Titlow’s portrait was named after David Titlow’s baby son called Konrad Lars Hastings Titlow. The picture was taken the morning after a summer party in Sweden. Titlow’s girlfriend had passed their baby to friends who were sitting on the sofa. The photograph captures the baby being shown a small dog and the adults being mesmerised by the chance encounter of the baby and the dog’s meet – none of them have realised Titlow was about to take their picture which has meant that they were all acting very naturally i.e. not staged and posed. The ‘decisive moment’ of this intimate and personal encounter has been forever captured. Titlow said ‘the composition and back light was so perfect I had to capture the moment.’ The natural light from the window has highlighted the baby’s face and the dog perfectly, whereas the others are in the background are more in the shadows which drawers the viewer directly to the baby and dog – the main focus of this image.

Avri, Father and Son

Arvi from the series Father and Son, by Sami Parkkinen

An image that I found striking was Arvi from the series Father and Son by Sami Parkkinen. This portrait is of Parkkinen’s son (aged two) wearing his father’s winter coat and it is from an ongoing series about relationships between fathers and sons. Parkkinen says that he worries about the future of humankind, saying ‘What kind of world we are building for our children? What will be our legacy for them? All life come and begin from the nature. Why we are harming the nature?’ His Father and Son project is about the different ways we can see the world around us and what a child sees that an adult maybe can’t. I think he has used the winter coat on the child as an underlying meaning or connotation to adulthood as Parkkinen wants to know how Arvi’s view of the world will change from boyhood to manhood. I think another important aspect of this portrait is that the boy, all be it a bit amused, is very relaxed and comfortable in front of the camera and because of this the viewer is quite happy and feels quite comfortable to view this intimate image.

Birgit Püve

3rd prize: Braian and Ryan from the series Double Matters, by Birgit Püve

Another image that caught my eye was Braian and Ryan from the series Double Matters by Birgit Püve. Püve was working on the series for a photography book on twins and triplets living in Estonia. She visited the nine-year-old twin boys at their great grandmother’s house in Saue, an area of idyllic countryside outside Tallinn, where she spent a few hours photographing them in different locations in the surrounding land. She was surprised to find out that in Estonia twins actively want to look the same even though they may have completely different personalities and ideas. This surprised me, as I am a twin (not identical though) and we have always striven to be different from each other. I like that the boys are wearing near identical clothing (except the shoes) but you can tell from this image that one looks stern/angry and the other is taking the whole situation in his stride.
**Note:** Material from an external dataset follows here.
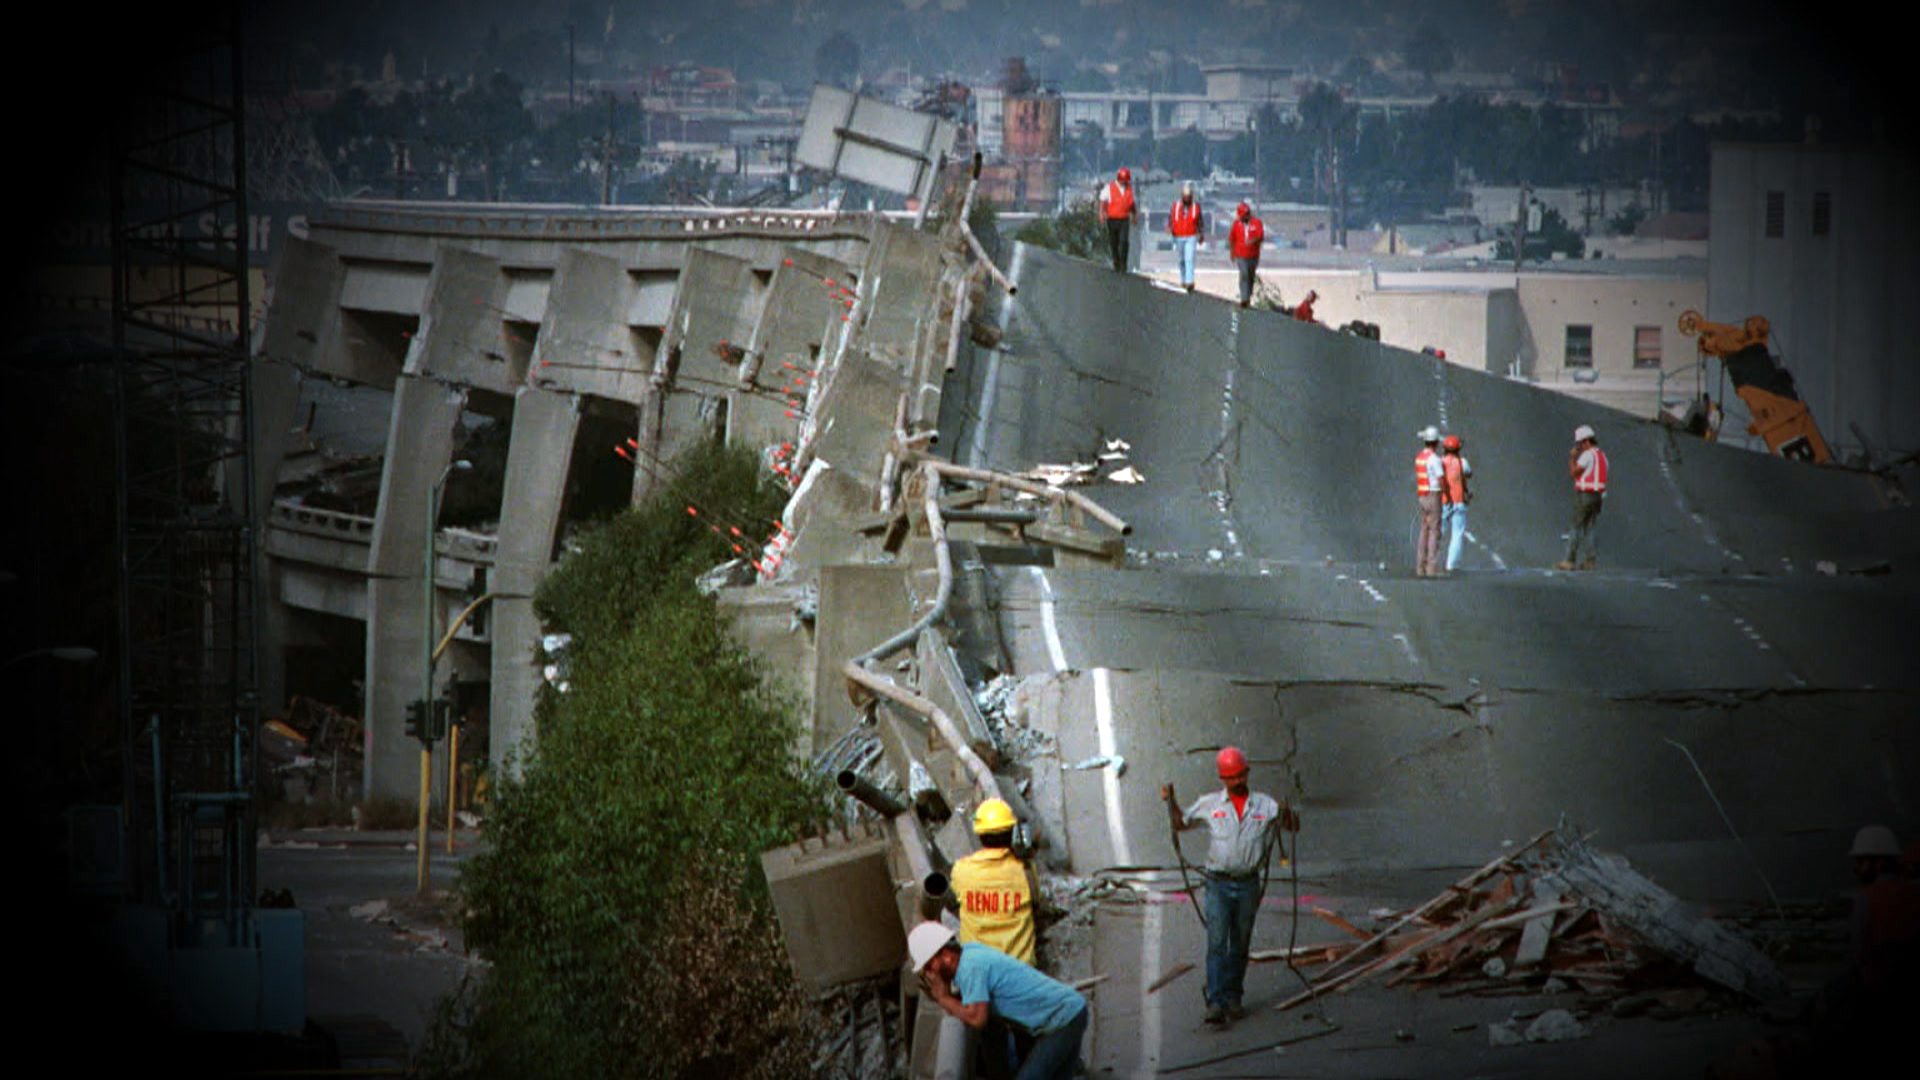 Looking Back At 89 Loma Prieta Quake Planning For Next One

A lesson that I have learnt from this portrait is that in just one image you can reveal the characteristics of a person with a bit of thought and foresight.

Photographs at this exhibition have helped me get an understanding of the contexts, practices and processes surrounding portraiture and this will help me form the foundation of my representation project. It has given me an insight as to what makes a portrait stand out to a viewer, the expression/characteristics and personality of the subject and whether you can create empathy with the sitter, the importance of composition, the lighting, the colours and scale of portraiture. All food for thought for my current assignment…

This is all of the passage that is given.